··· Data below
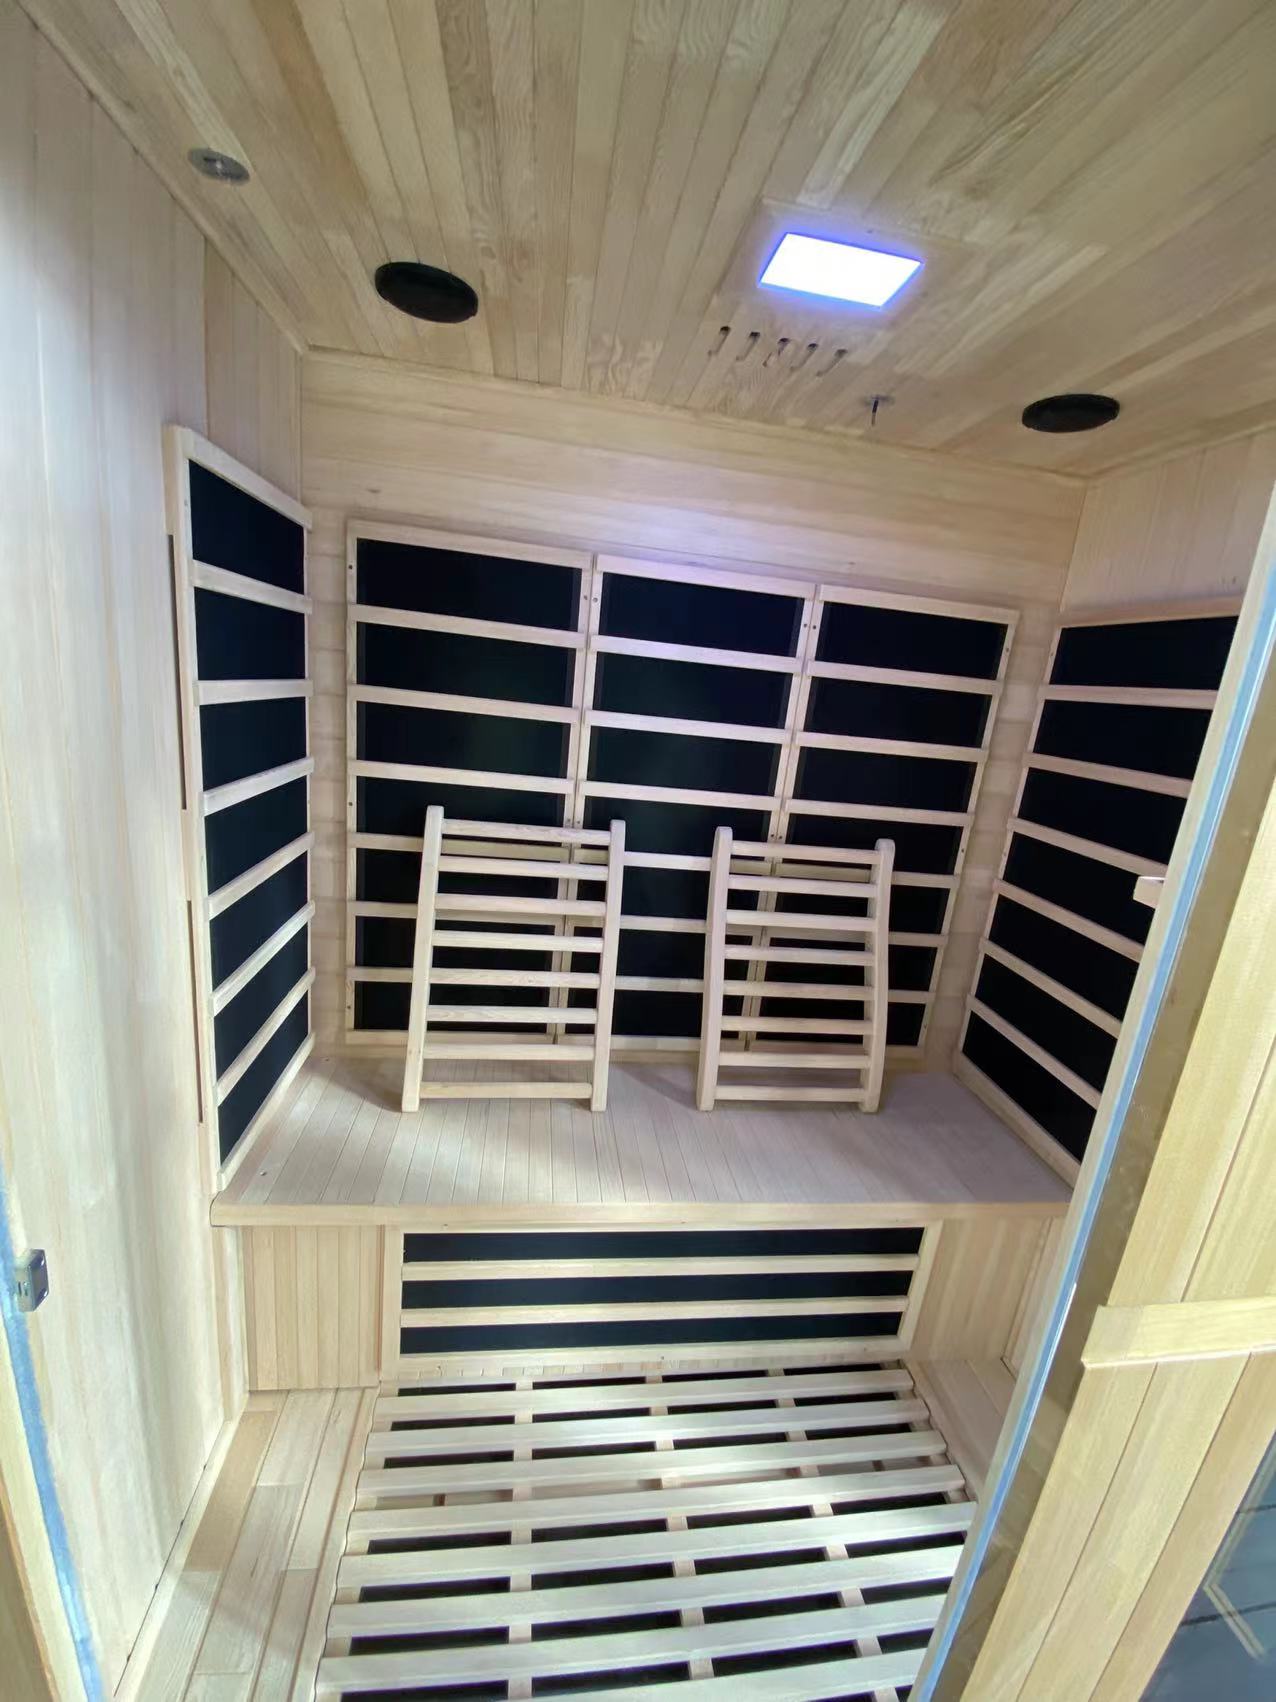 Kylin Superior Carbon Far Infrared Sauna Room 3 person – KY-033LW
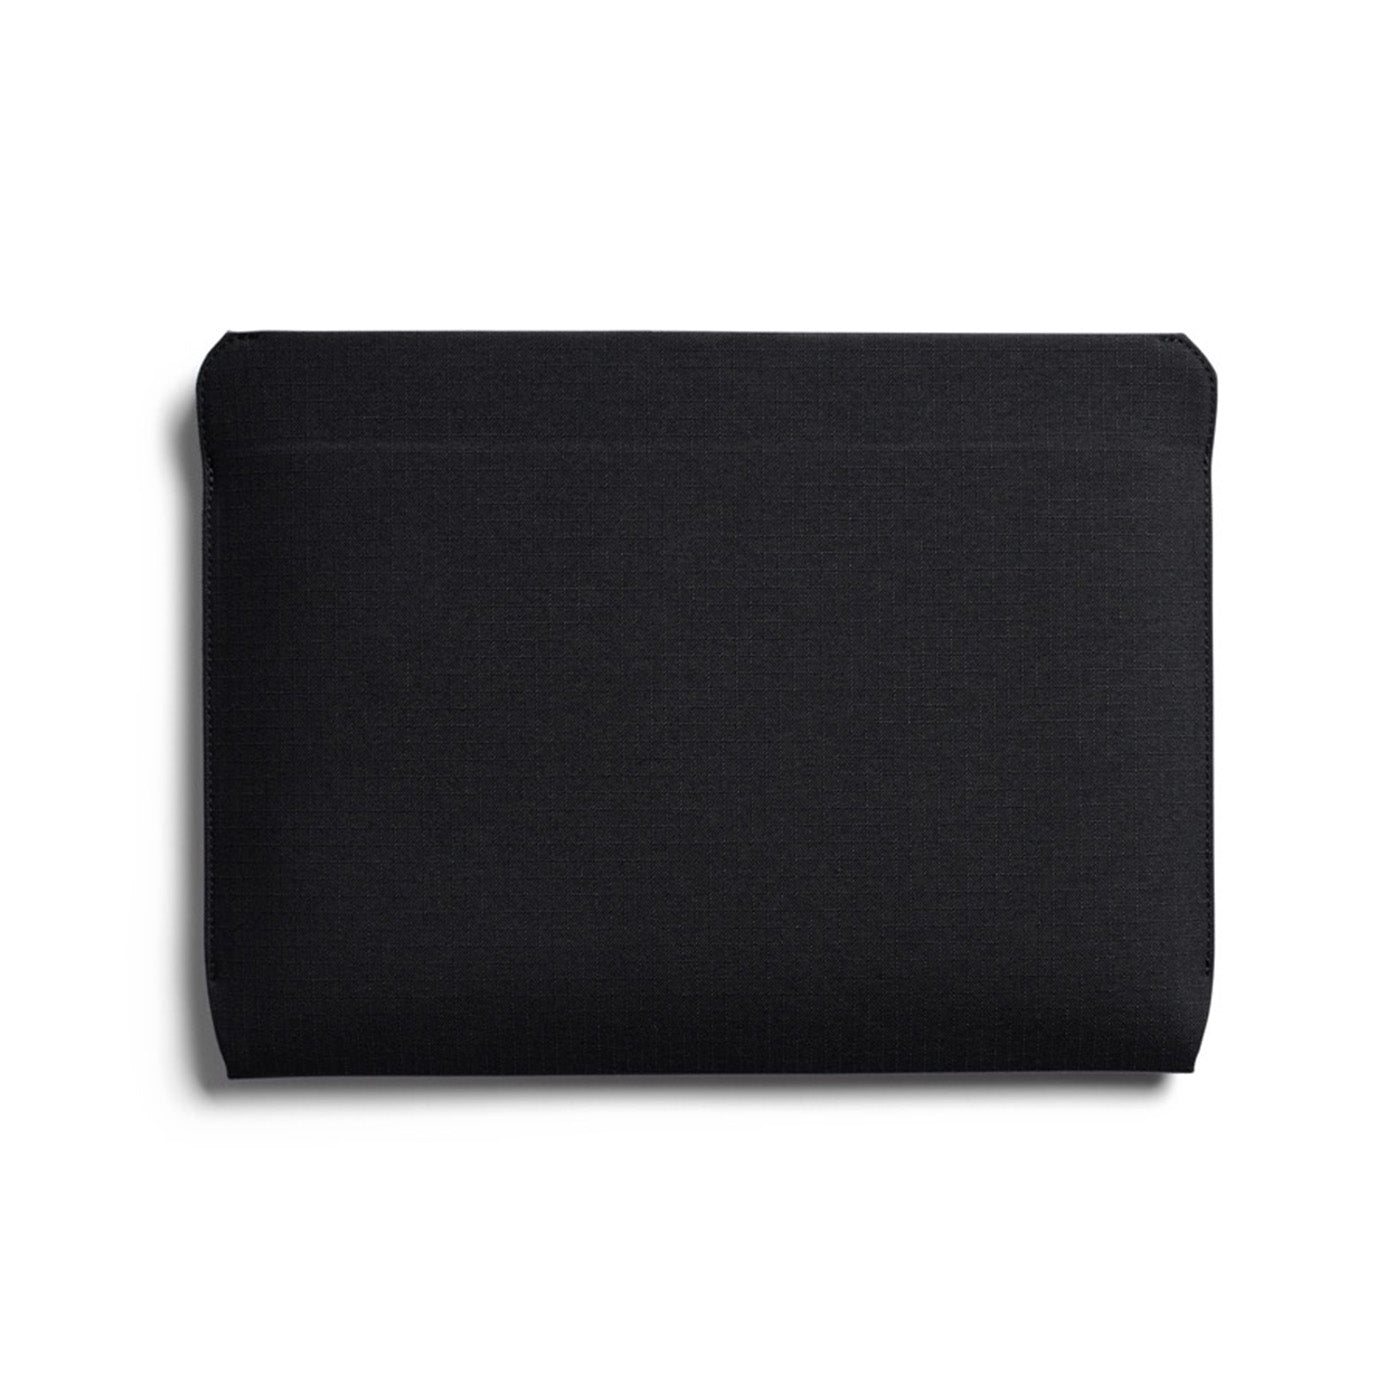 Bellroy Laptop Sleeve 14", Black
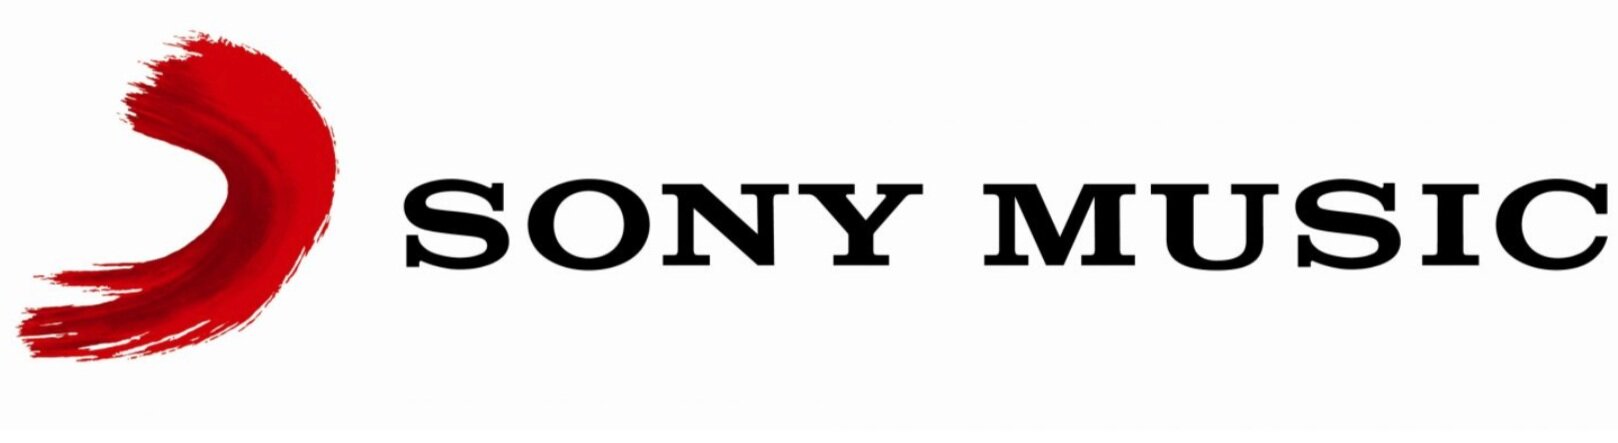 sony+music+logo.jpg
······
== Exercise goal ==
Starting at the line that contains "Bellroy Laptop Sleeve", output every line through the end of the data, both ends included, and nothing else; pictures stay out.

== Answer to this exercise ==
 Bellroy Laptop Sleeve 14", Black
 sony+music+logo.jpg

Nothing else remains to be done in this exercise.